(Dataset excerpts)

--- START ---

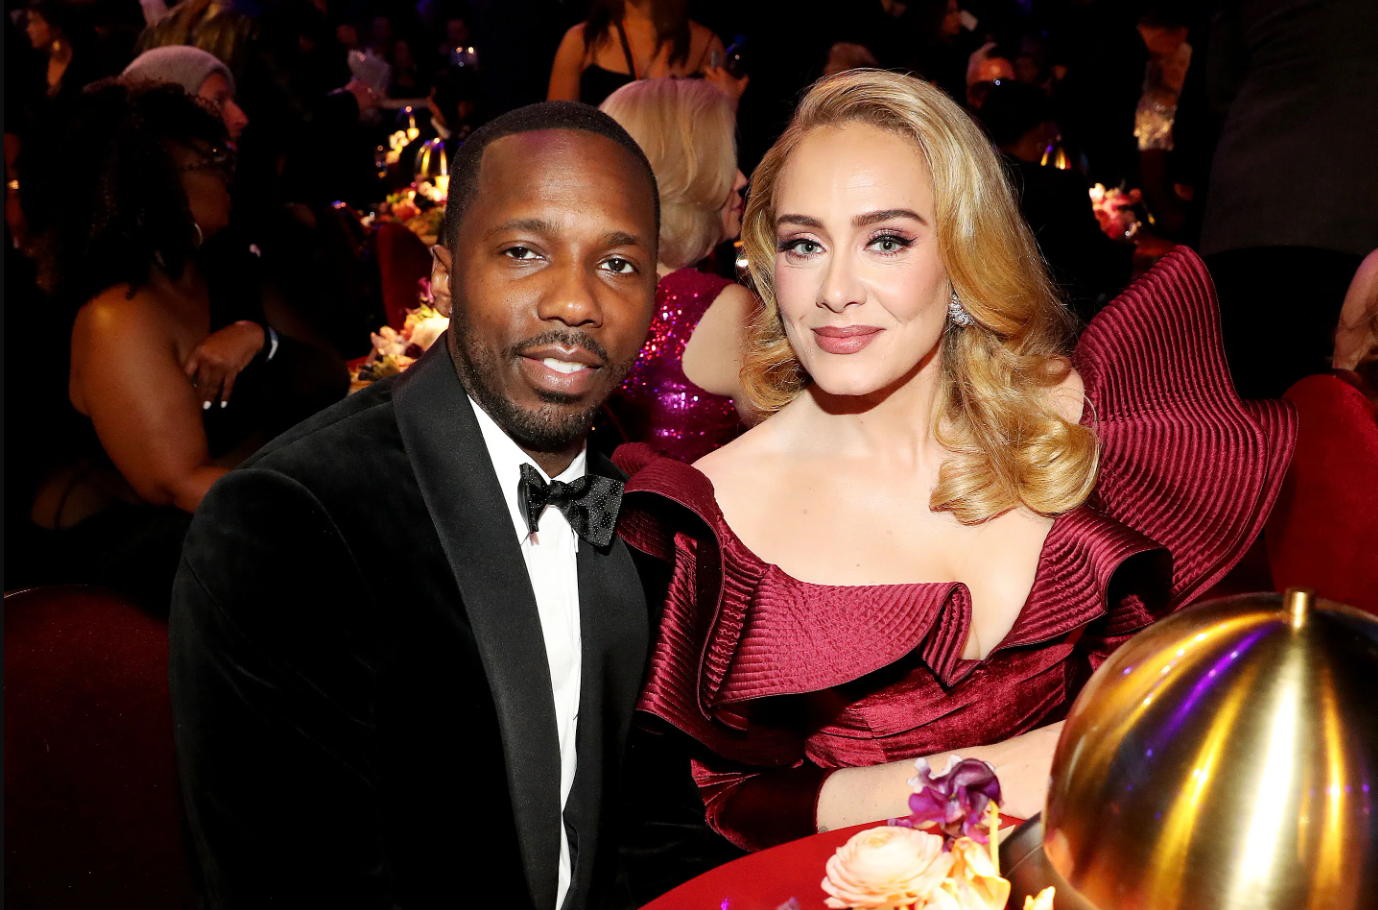 Adele Husband: Who is Rich Paul and how did they fall in love? Find out everything you need to know about the singer’s new husband.
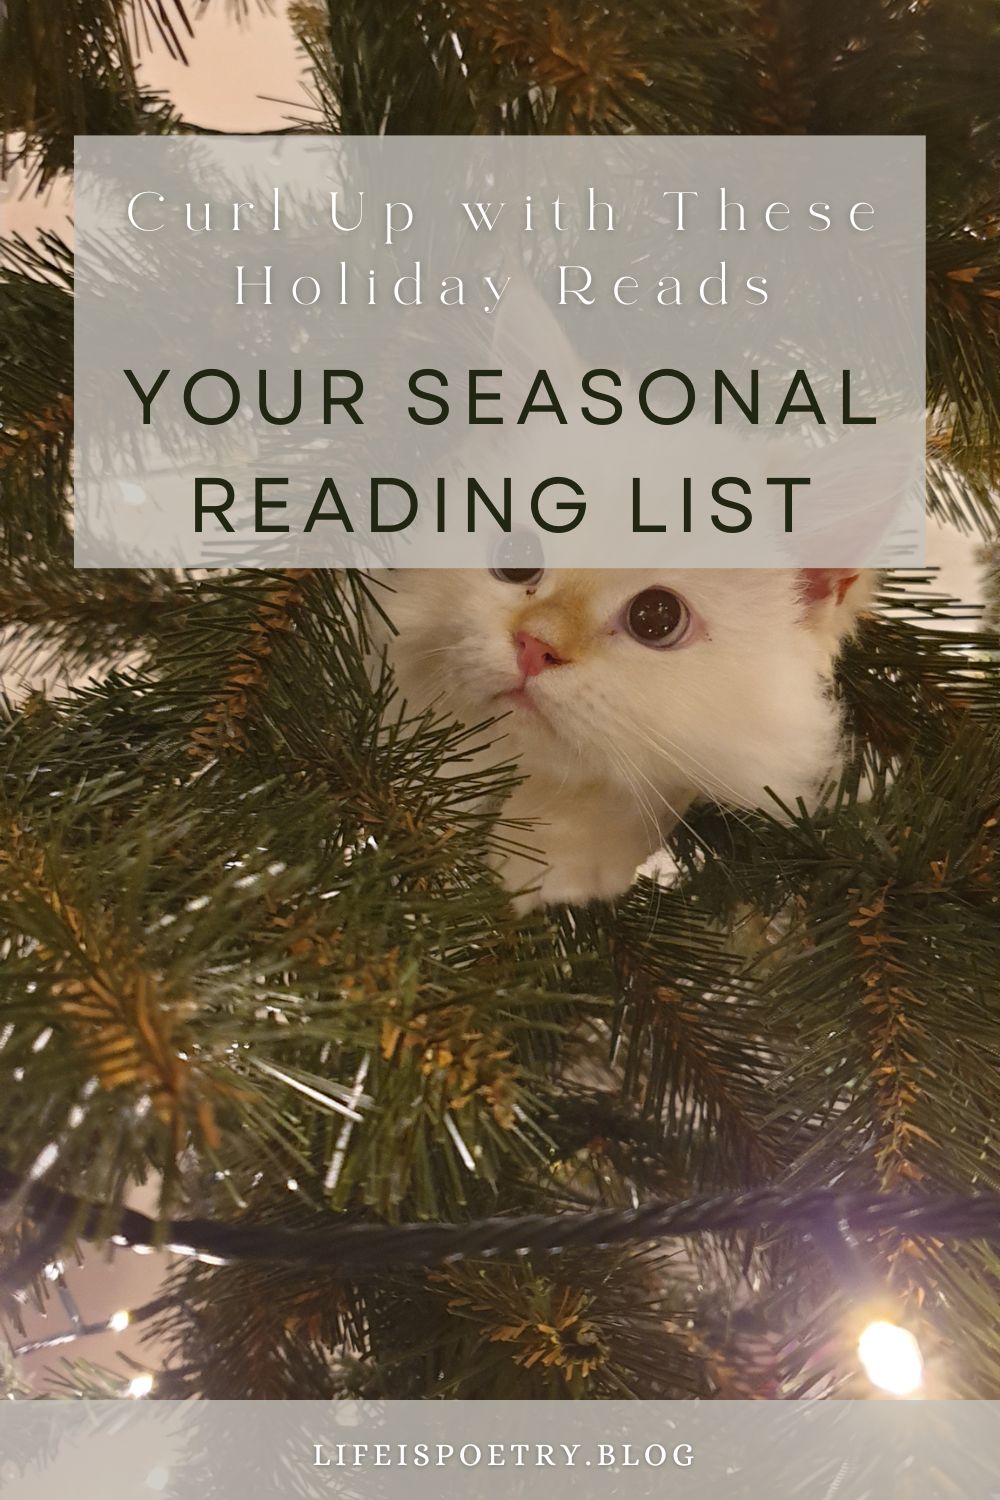 A Festive Reading List To Welcome The Holiday Season
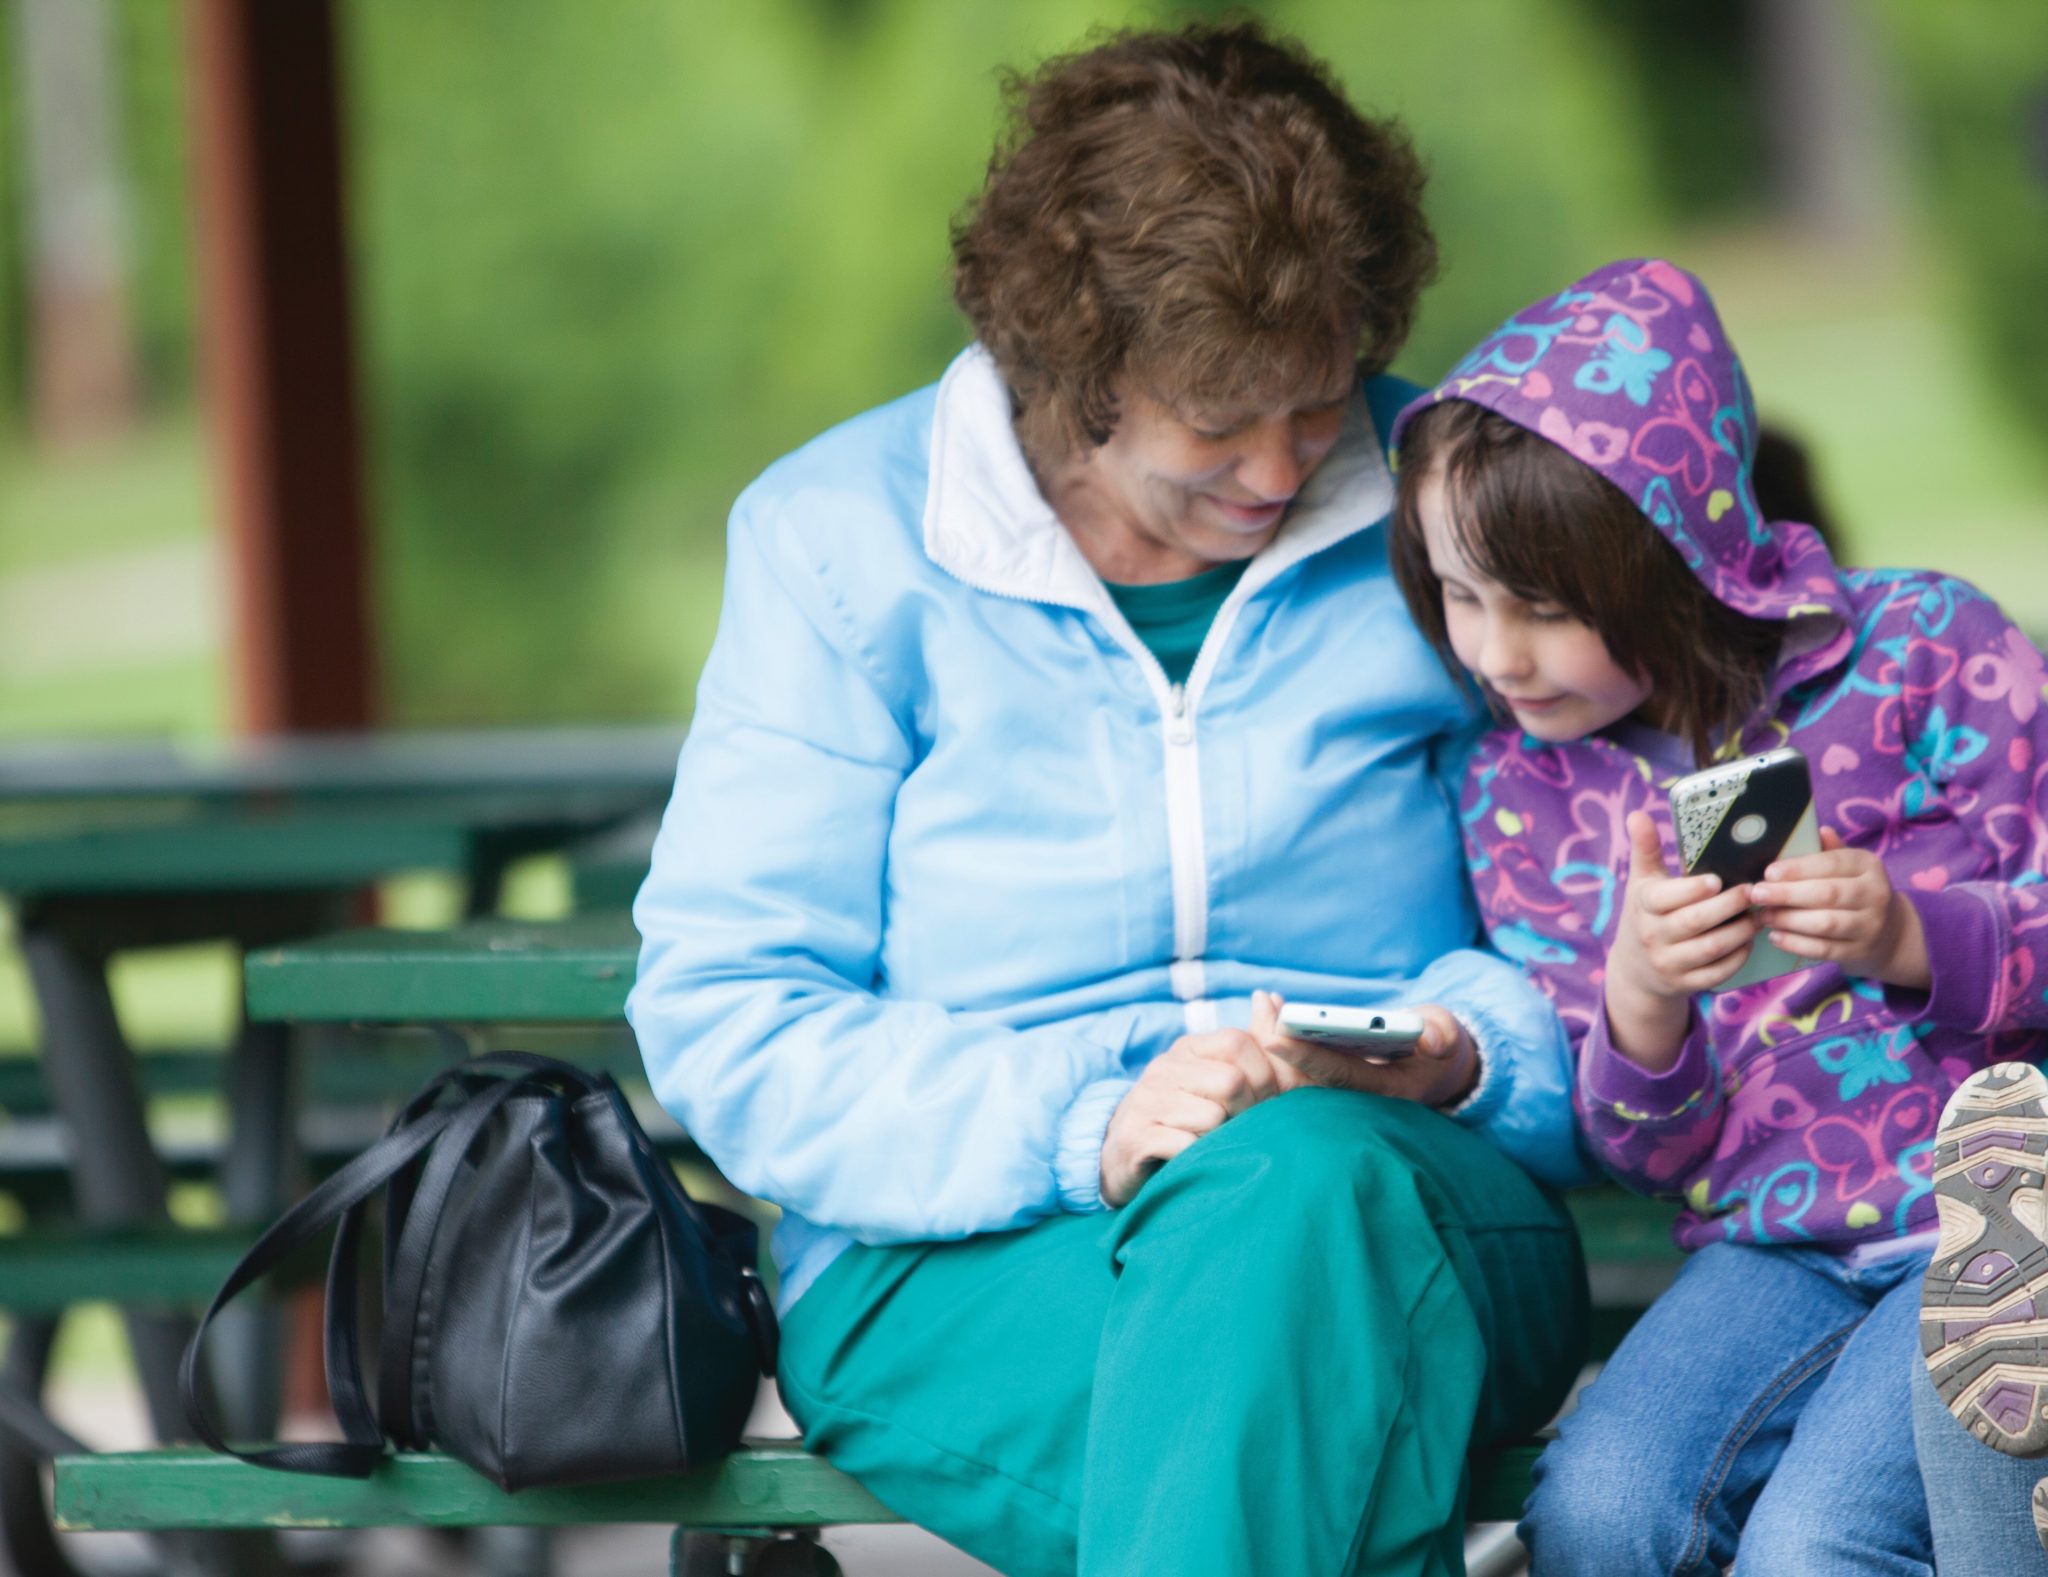 Young girl leans in close to older woman, looking at a phone.
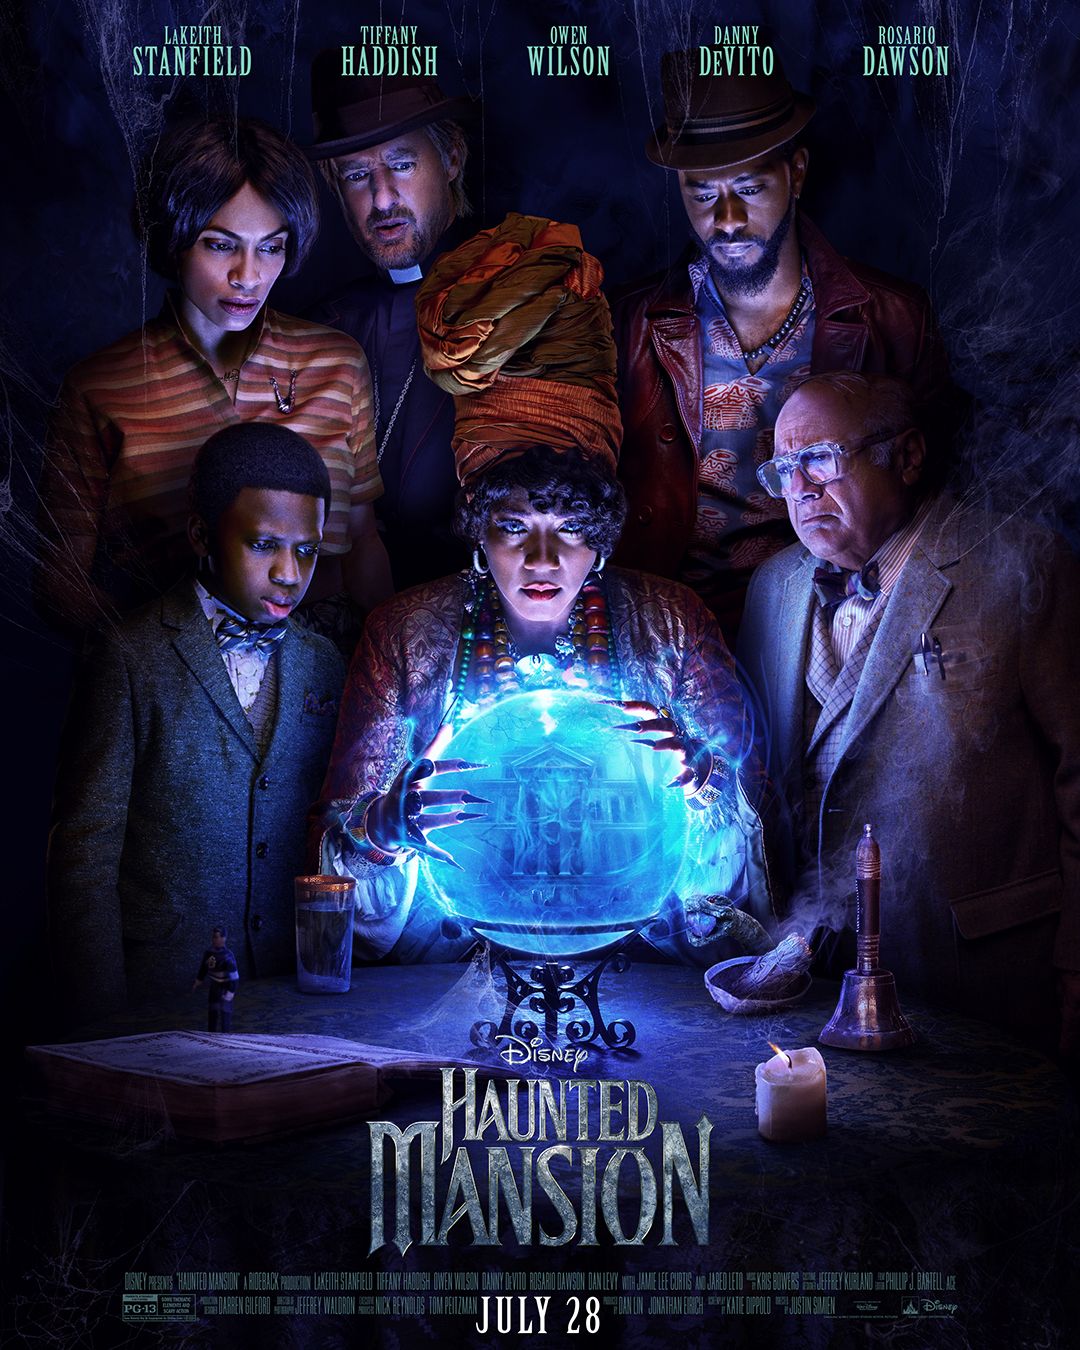 The theatrical poster for Haunted Mansion showing the main cast of characters.
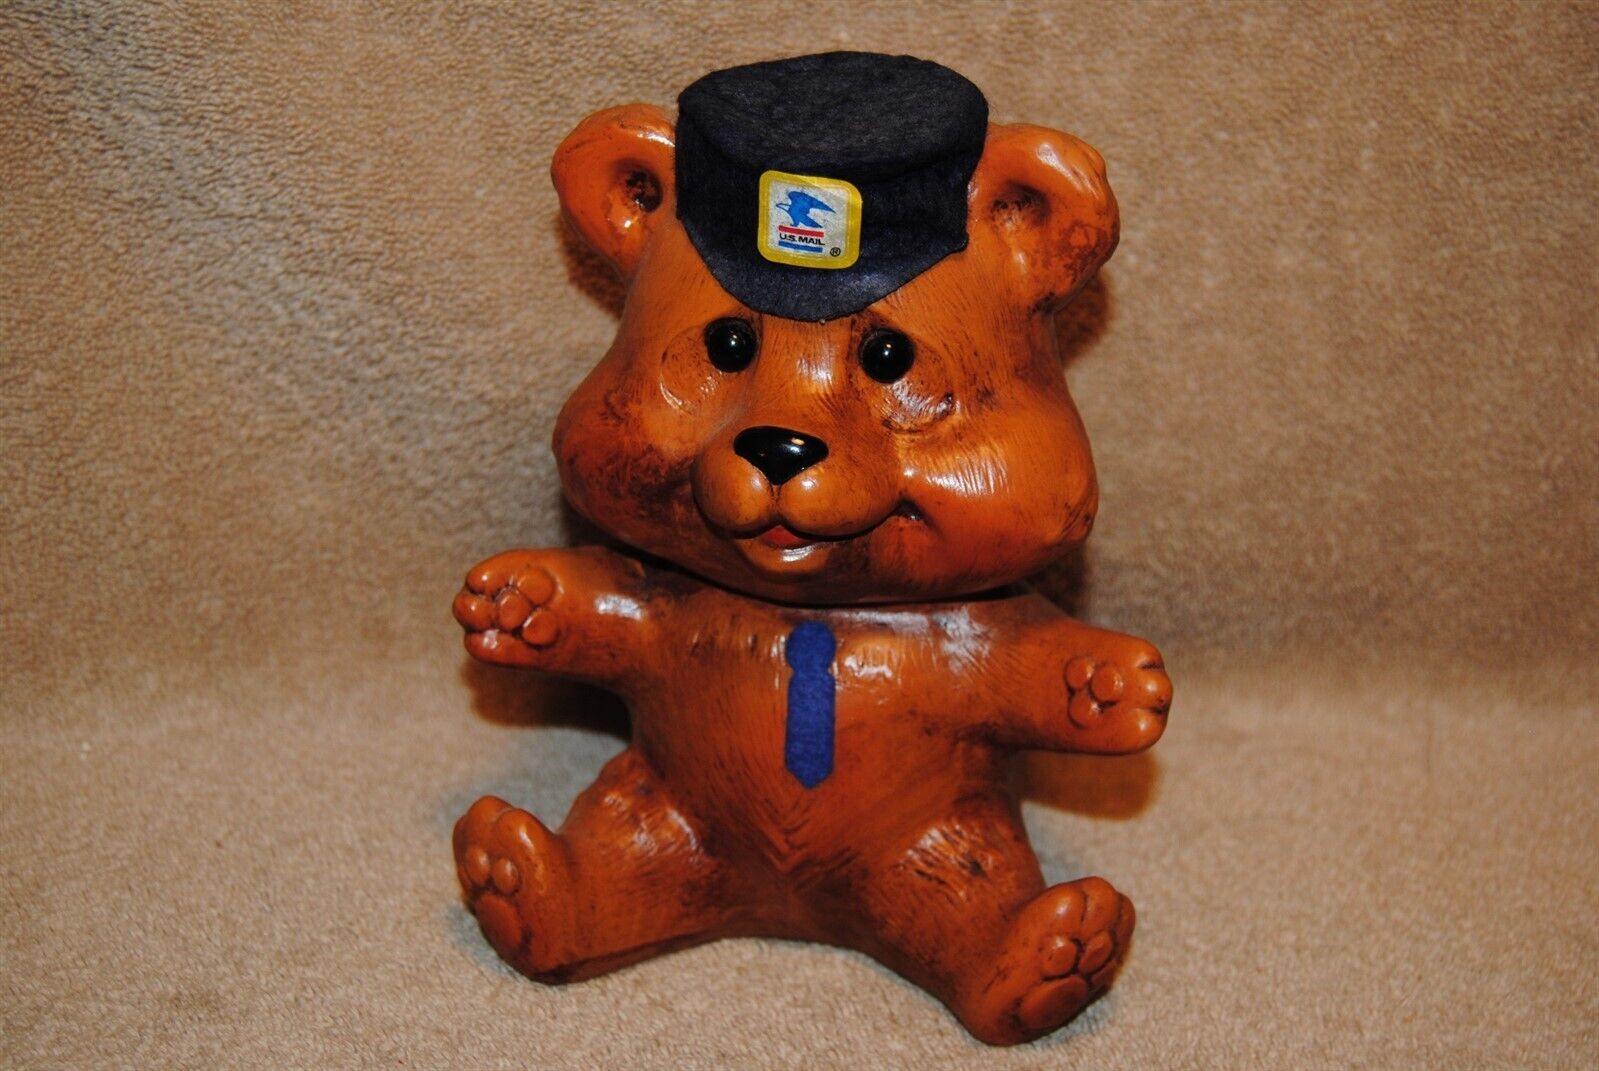 Vintage US Mail Teddy Bear Bank Promo for Mail Carriers Only Plastic Nice

--- END ---

> **Activity**
Copy the lines from the line that contains "Young girl leans" through the end of the records, exactly and with nothing added; leave the pictures out.

> **Result**
 Young girl leans in close to older woman, looking at a phone.
 The theatrical poster for Haunted Mansion showing the main cast of characters.
 Vintage US Mail Teddy Bear Bank Promo for Mail Carriers Only Plastic Nice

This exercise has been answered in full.